### About this task
Give back the data below word for word. Any image in it should be left out.

### Information provided
* * * *

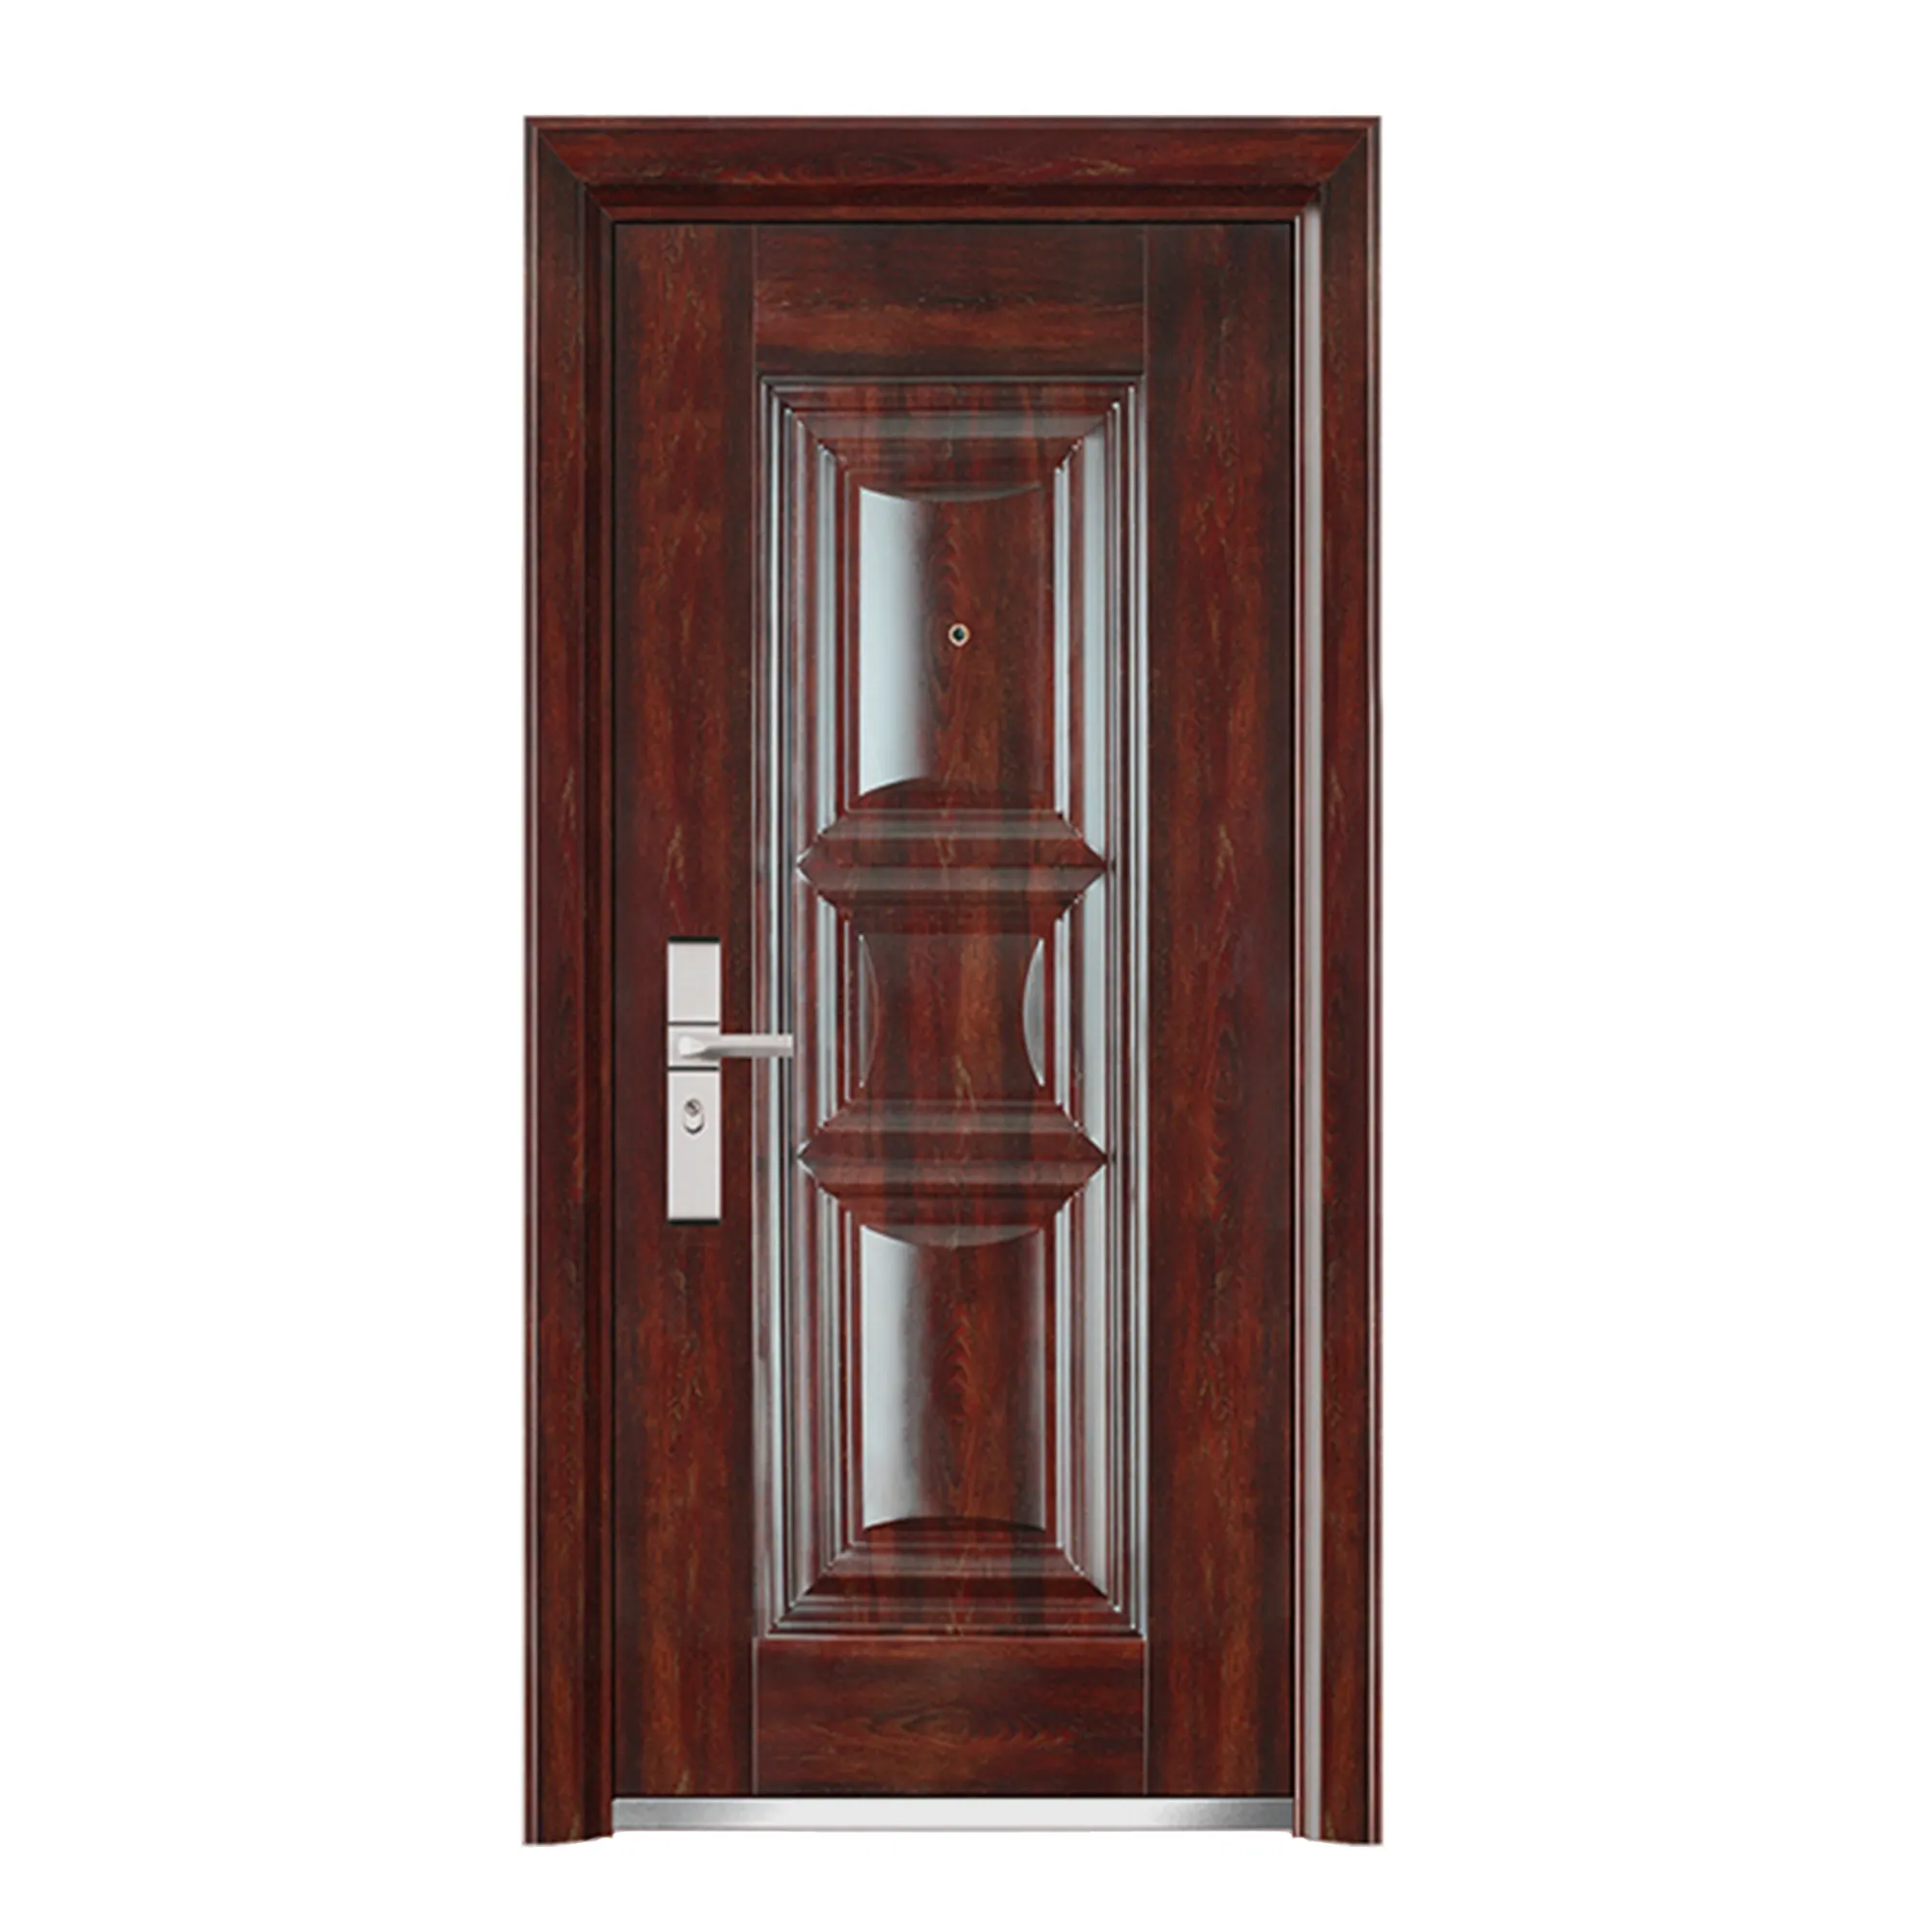 Novel Design Golden Supplier Cheap Steel Door Wrought Iron Antique Entry Door With Low Price Security Home Doors
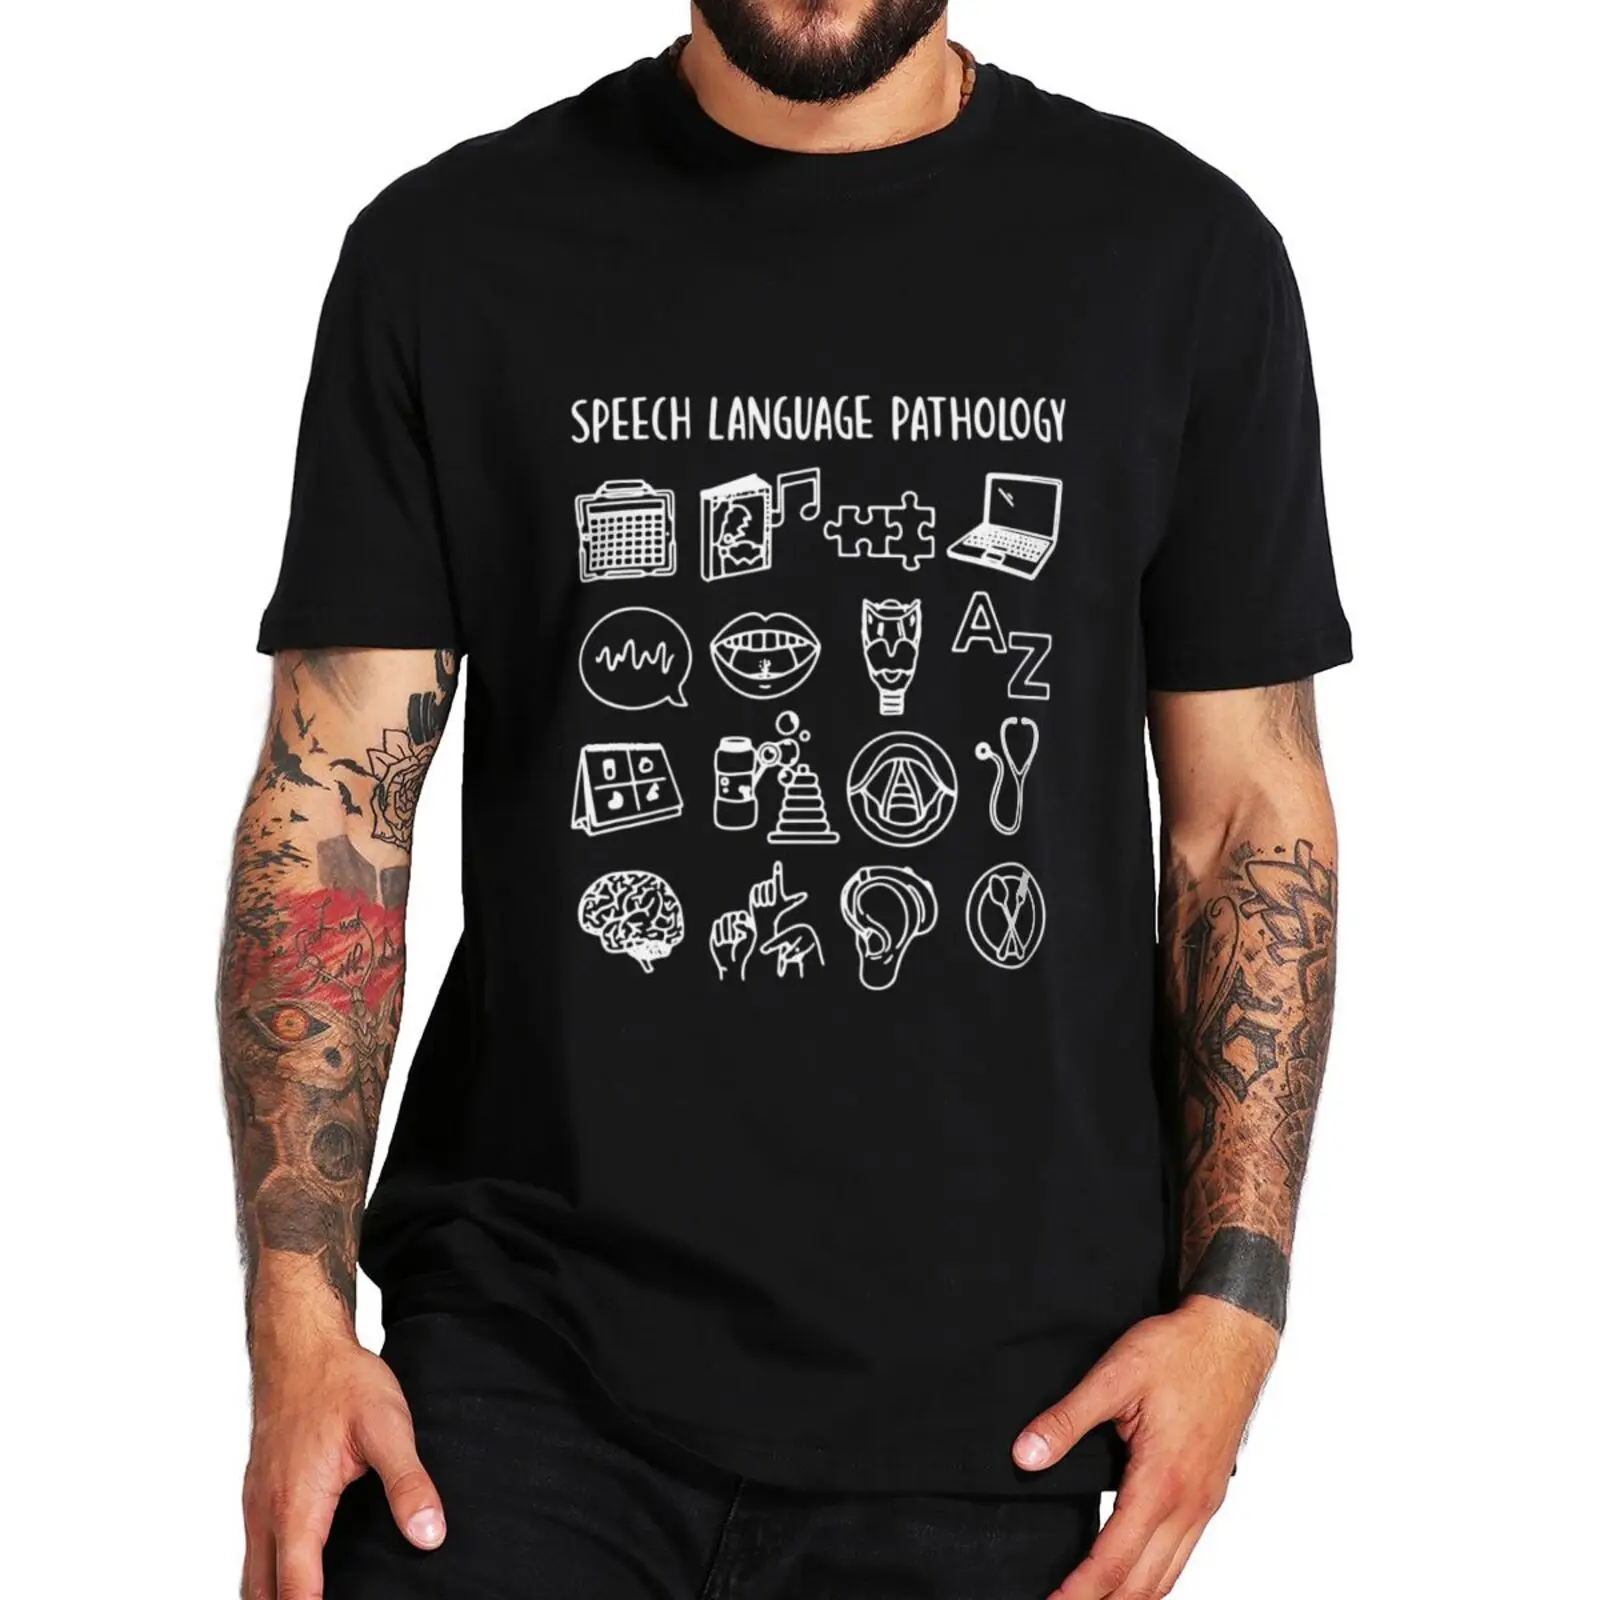 

Speech Language Pathologies T Shirt Pathologist Graphic Humor Short Sleeve 100% Cotton Unisex Casual Summer Oversized T-shirts
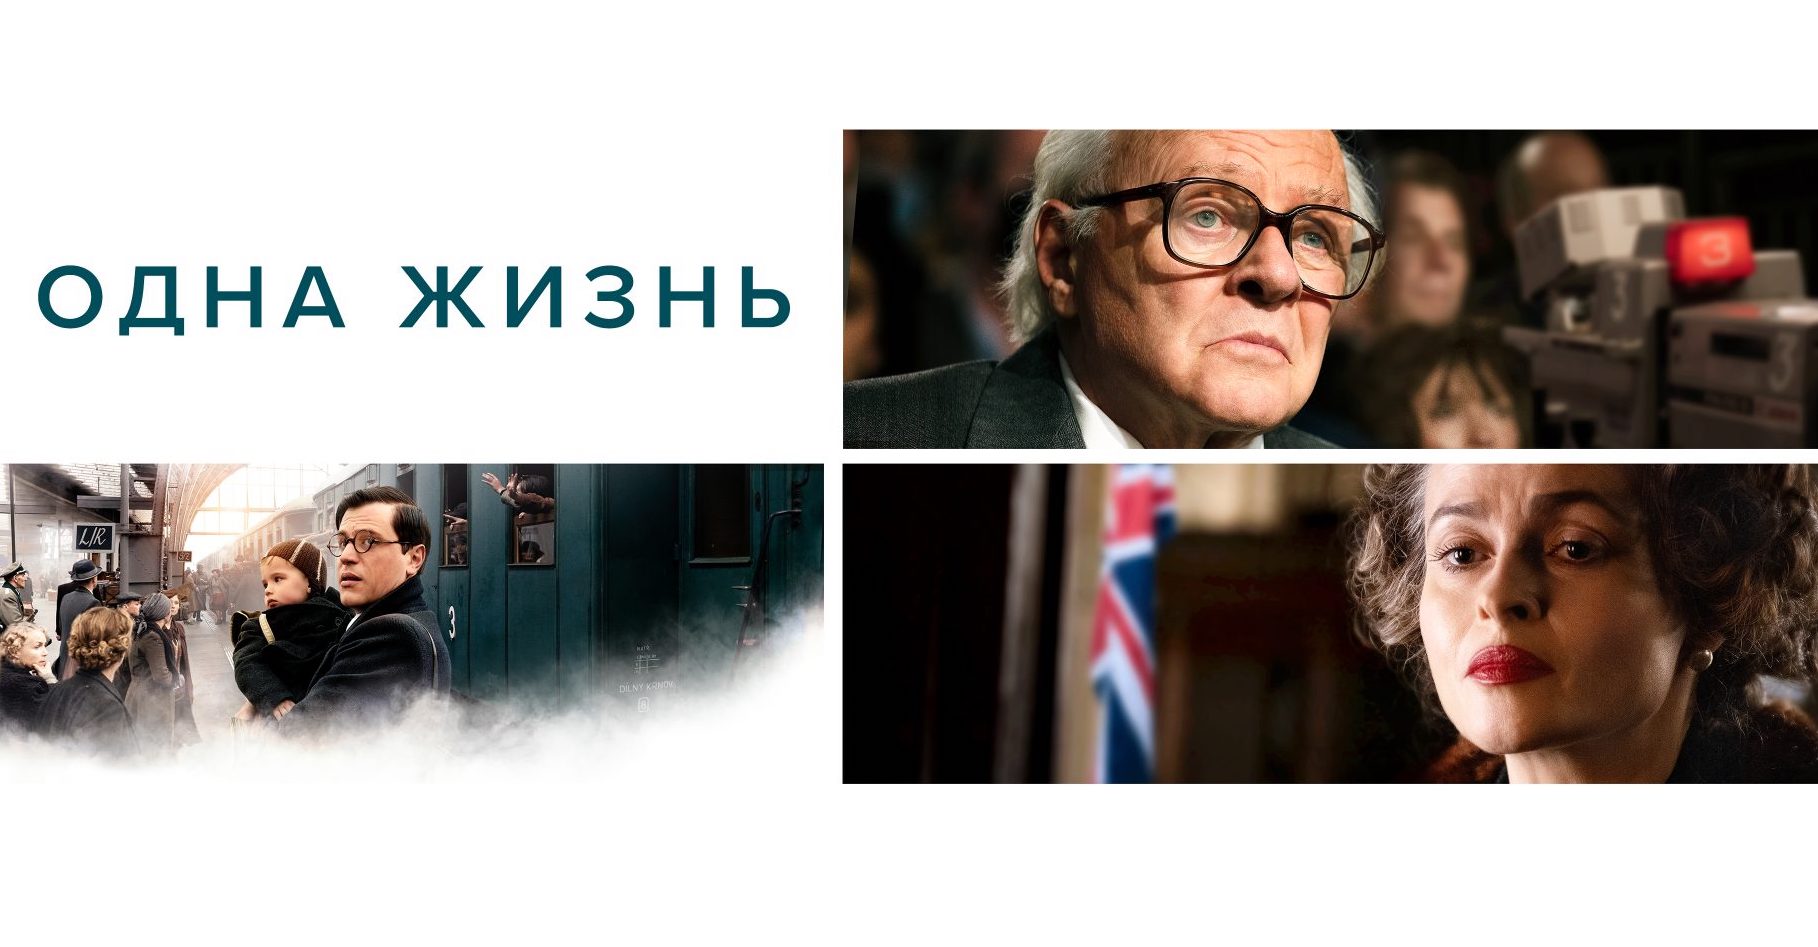 От отечественной комедии до европейского артхауса: какие фильмы казахстанцы смотрели на Кинопоиске в апреле

* * * *

### Answer
 Novel Design Golden Supplier Cheap Steel Door Wrought Iron Antique Entry Door With Low Price Security Home Doors

Speech Language Pathologies T Shirt Pathologist Graphic Humor Short Sleeve 100% Cotton Unisex Casual Summer Oversized T-shirts
 От отечественной комедии до европейского артхауса: какие фильмы казахстанцы смотрели на Кинопоиске в апреле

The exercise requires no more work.